Я часто задумываюсь: ведь проходят века, цивилизация стремительно развивается, вон скоро на Марс или Венеру полетим, а внутренняя сущность человека мало изменяется. Велика ли разница между стяжателями времен Джованни Боккаччо или Бальзака, считающих на пальцах свои миллионы, и стяжателями XX века, пользующихся для этих целей компьютерами и ЭВМ? И чем отличается гоголевский Чичиков от хитроумного бизнесмена наших дней? Или щедринский хапуга-чиновник от теперешнего высокопоставленного деляги и мздоимца?

Я уже оделся, чтобы пойти прогуляться, как раздался звонок в дверь. Пожаловал Мишка Китаец второй. Он был в роскошной черной куртке на меху, вязаной синей шапочке с твердым козырьком и в желтых зимних сапогах, в которые были заправлены синие спортивные брюки с белыми лампасами. Широкая круглая физиономия его с толстым носом картошкой так и светилась радостью от встречи со мной. Правда, я знал цену этой радости: Дедкину что-то срочно понадобилось от меня, так просто он бы не пришел, тем более без приглашения.

— Как поживает наш раненый герой, мужественный защитник слабого пола? — прямо с порога, похохатывая, сипло запел он. — Тебя вспоминали даже на правлении, понятно, в самом положительном смысле... Олежка Боровой похвалил за джентльменский поступок. «Мы гордимся Волконским», — так и сказал!

Я нехотя разделся и, делать нечего, предложил то же самое сделать Михаилу.
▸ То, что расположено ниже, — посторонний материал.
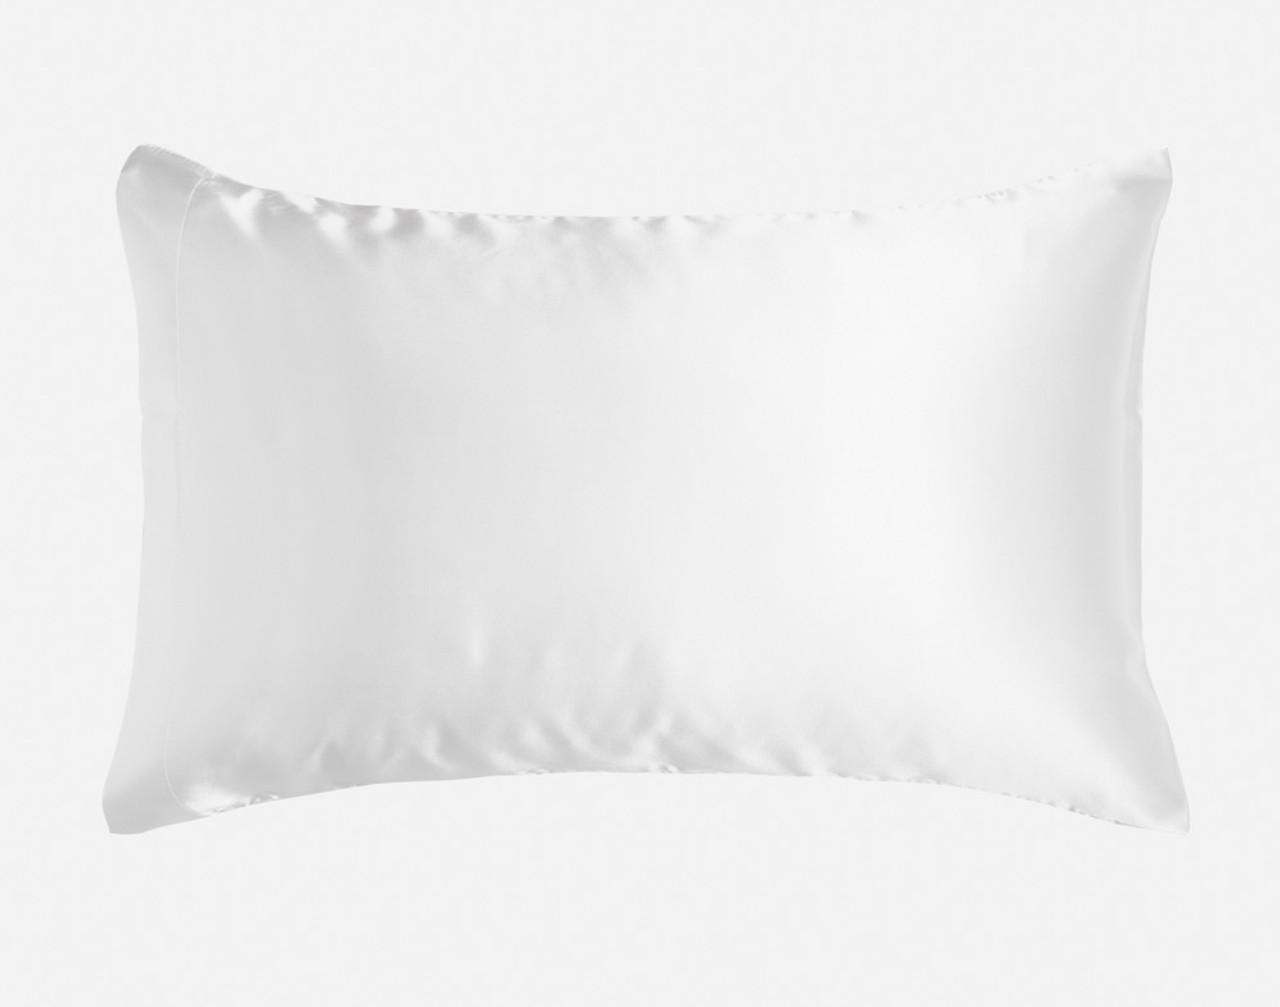 White Pillowcase in Queen size over a pillow
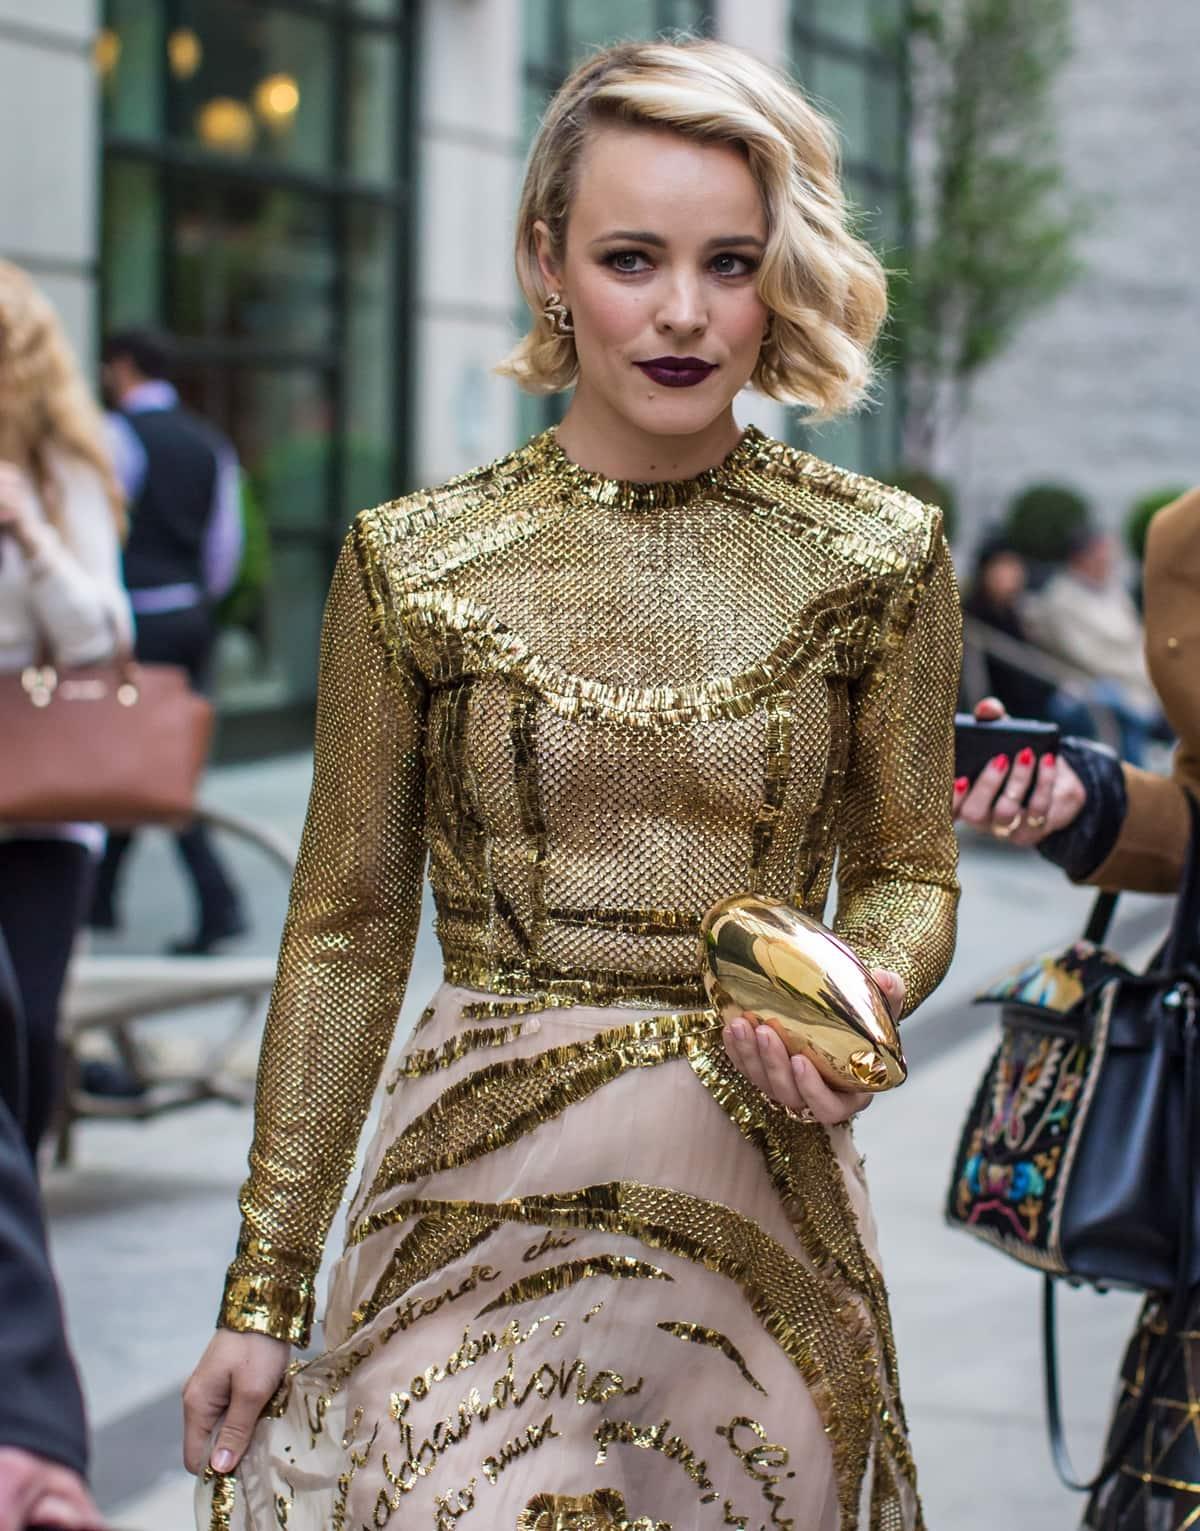 Rachel McAdams wears a gold mesh Valentino dress and dark purple lip as she makes her way to the Met Gala

Неудобным показалось разговаривать с ним на улице. Тот быстро разделся, повесил в прихожей куртку, любовно провел широкой ладонью по меховой подкладке, поискал глазами тапки, но я кивнул, мол, проходи так. Заставишь тапки надеть, потом всем будет рассказывать, какой Волконский мещанин. Не знаю, как другим, а мне совестно переться с улицы в чистую чужую квартиру в грязной обуви.

И вот мы сидим у окна в моей узкой кухне на деревянных табуретках. На розовом лице Мишки Китайца второго играет странная улыбка, он оглядывает деревянные фигурки, которые я расставил на полке, ласково гладит бочку-бар с деревянной ручкой в виде черта с козлиной бородой.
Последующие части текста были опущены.